Graf Chokolo Announces PS3 Hypervisor Exploit & GameOS Dump

126w ago - Update: Estx has now released both a P3KG (Linux) and P3KGWN (Windows) PS3 Dongle ID Key Generator for those interested, winocm has started a PlayStation 3 Dongle Key Generator GIT (compiled binaries with source HERE), and Waninkoko has also shared a PS3 USB Dongle Key Generator JavaScript Version.

Today Graf_Chokolo announced that he has successfully exploited the PS3 hypervisor 3.15 through GameOS and dumped it, and plans to do the same for version 3.41 along with sharing more details soon.

Here is what he had to say on the matter, to quote: "I have just exploited and dumped HV 3.15 from GameOS

I used memory glitching like Geohot to get dangling HTAB entry but 2nd and 3rd stages are quite different. I used my knowledge about HV internals and created a simpler exploit for stage2 and stage3.

I didn’t use second VAS like Geohot. I used lv1_undocumented_function_114 and lv1_undocumented_function_115 to exploit HV after i got a dangling HTAB entry

Now we don't need Linux to exploit and dump HV. Furthermore, HV dump from GameOS is a lot better because when GameOS is running more features are activated in HV So, i can reverse now more C++ objects and understand better how HV works

I will make everything public very soon and i plan to dump HV 3.41 in the next days

Finally i will get access to SYSCON, EPROM, ENCDEC device and more

And now i dumped the real USB Dongle Master Key guys Noone needs it now but here it is.
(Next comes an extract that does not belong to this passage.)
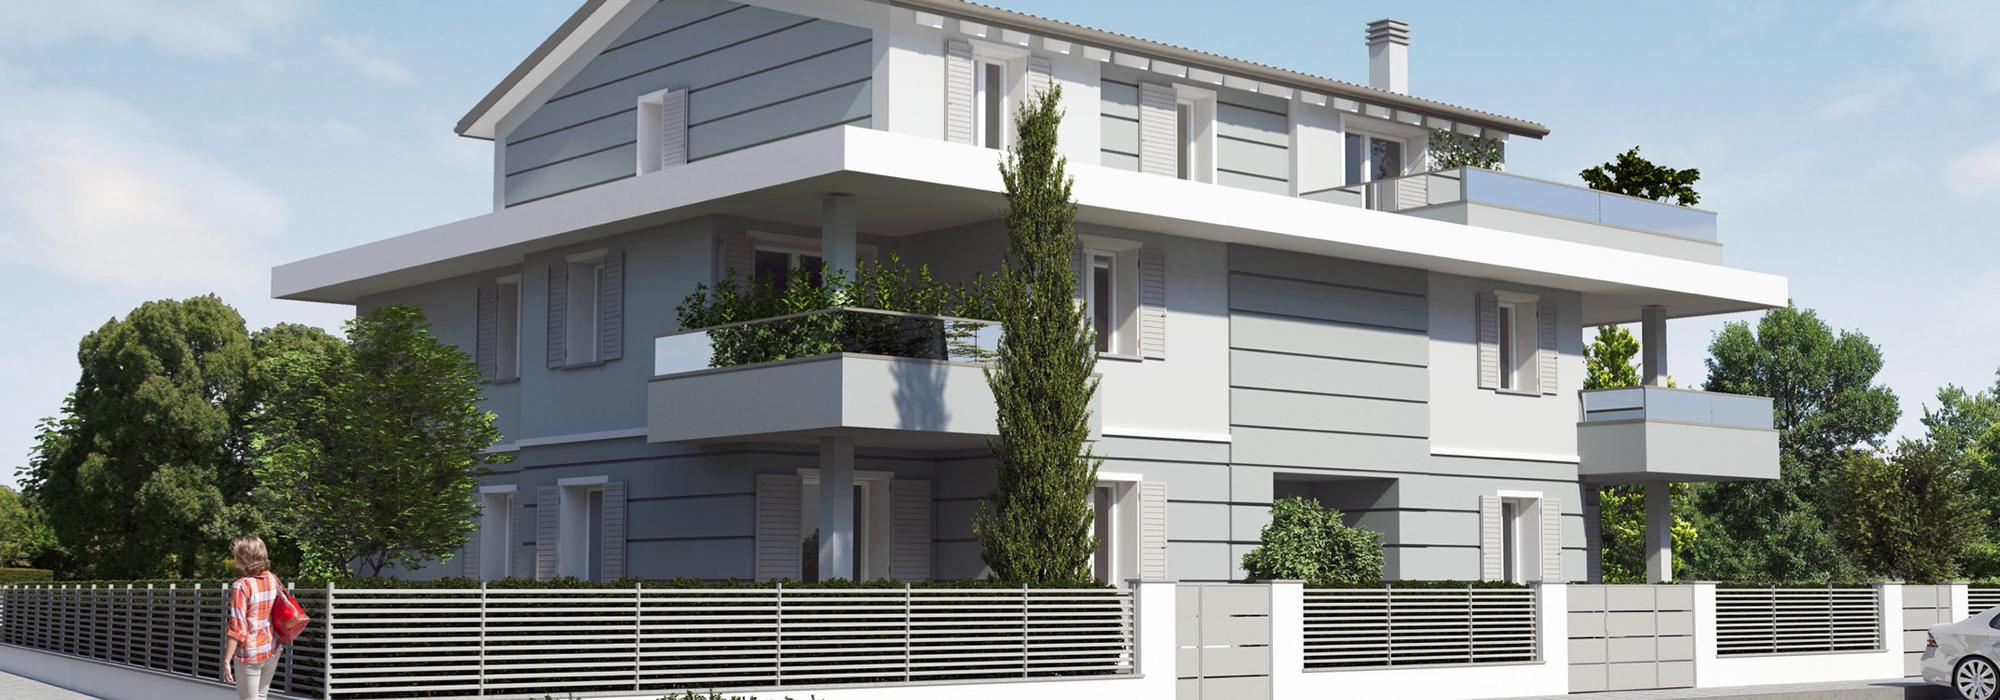 Prossima Realizzazione Appartamenti Formigine – Rif C630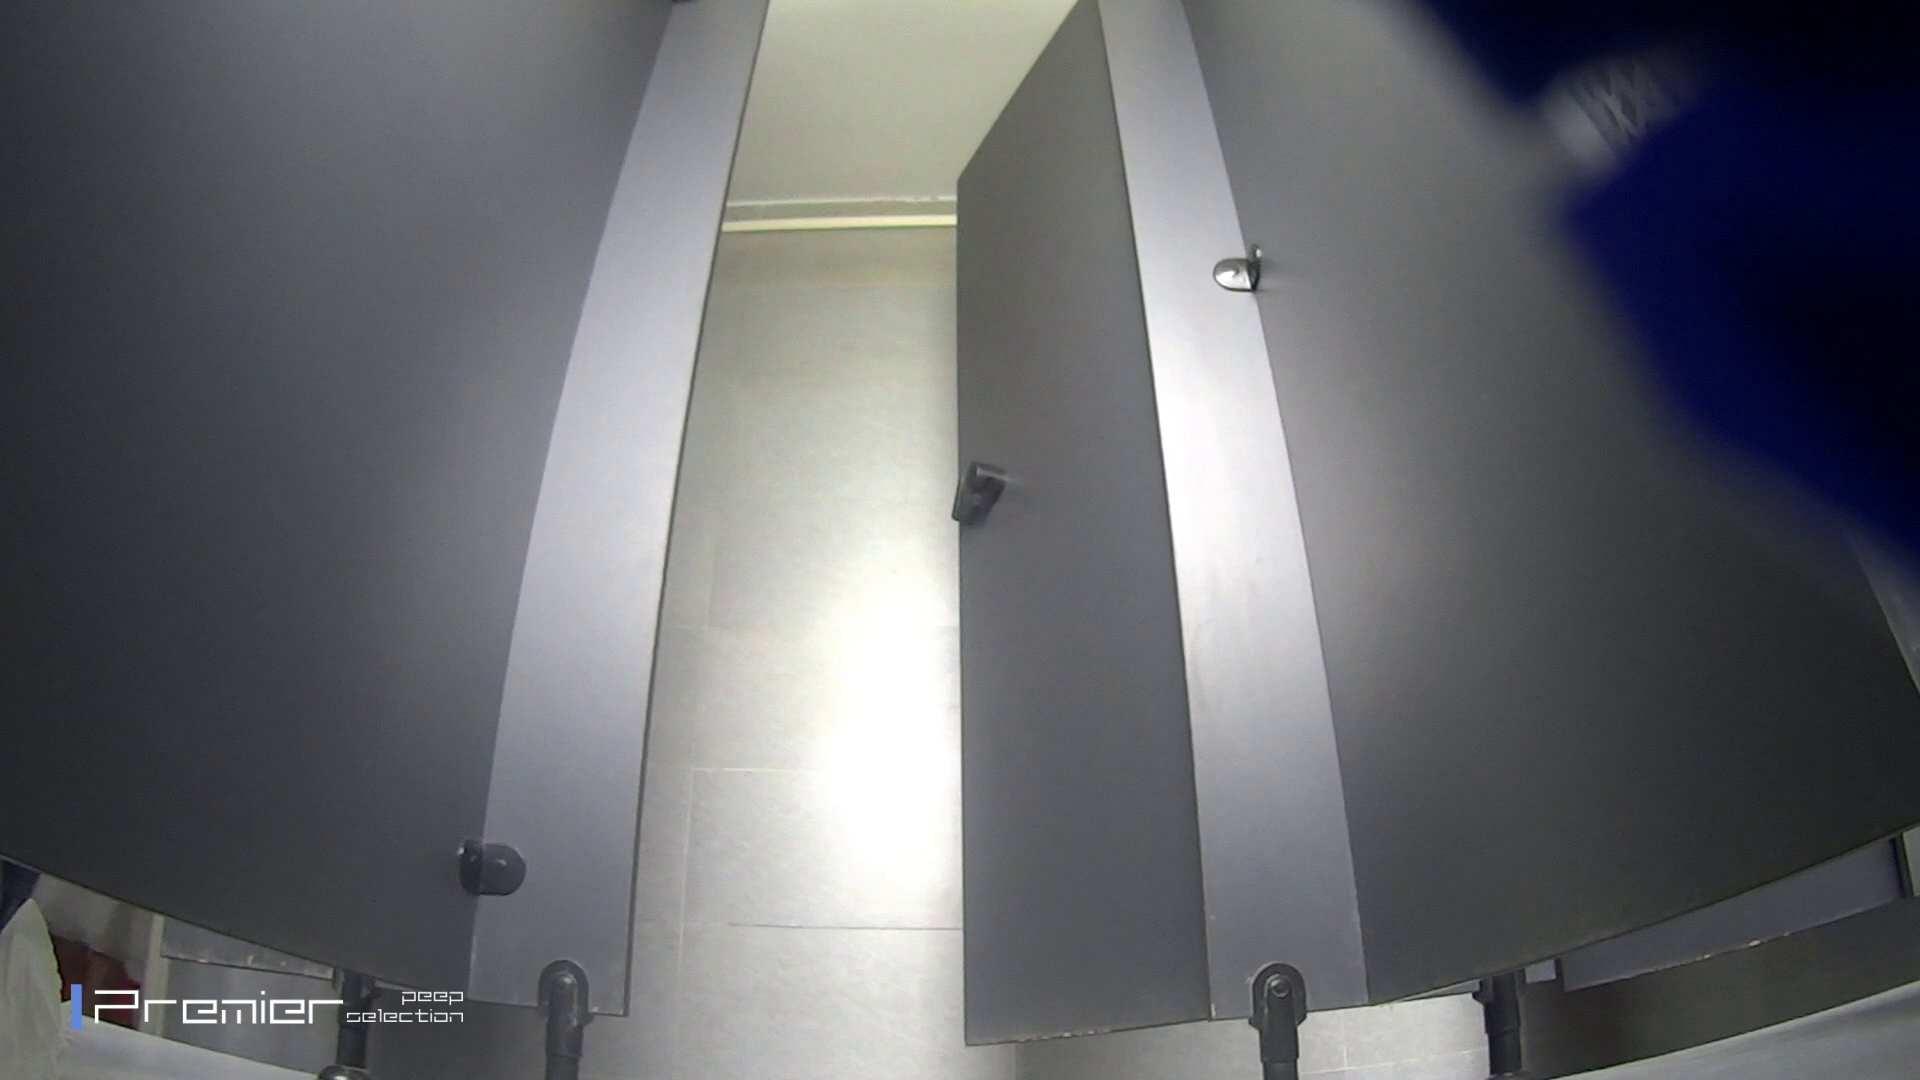 ツンデレお女市さんのトイレ事情 大学休憩時間の洗面所事情32 トイレ中 | 美女達のヌード  100連発 56

I tested it with HMAC SHA1 and dongle key 0xAAAA and got the same dongle key that was reversed by KaKaRoTo

Just as i said previously, use USB Dongle Authenticator, then dump HV and the decrypted USB Dongle Master Key will be in HV dump I extracted this key from my HV dump after i used USB Dongle Authenticator on GameOS. Then i rebooted GameOS but not HV and the key was still in HV and still decrypted

static u8 master_key[20] = { 46 DC EA D3 17 FE 45 D8 09 23 EB 97 E4 95 64 10 D4 CD B2 C2 };

You still need to do memory glitching like it did Geohot. I used sx28 devboard for this. But software exploit is totally different. I used my HV knowledge and exploited HV quite differently, i didn't use a second VAS like Geohot did.

I did my exploit from exploited GameOS. I used a FAT PS3 but it doesn't matter anymore, you could use a Slim PS3 even. Once exploited, the HV remains exploited as long as PS3 is not powered off, that means you can reboot GameOS as much as you want, HV still remains exploited And you have full read/write access to all RAM and peripheral devices from GameOS except isolated SPUs That means full access to SYSCON, ENCDEC device (which is responsible e.g. for HDD encryption/decryption) and other very interesting stuff

That means, with an exploited GameOS every HV can be dumped and reversed. If GameOS >= 3.42 could be exploited then we could dump the new HV again and reverse SELF decryption again and decrypt new games

And i will dump HV 3.41 soon And look for pure software exploits in it.

I just patched Dispatcher Manager and enabled access to all HV services Dumped SYSCON EPROM

Decrypted USB Dongle Master Key with Virtual TRM Manager and guess what, it's the same i posted yesterday

HV 3.41 exploited and dumped Hehe, found HV call table already Good

Damn $ONY They removed LPM HV calls from HV 3.41 "

We are still yet to know if any hardware is required, I have already asked him this, but i think it is not!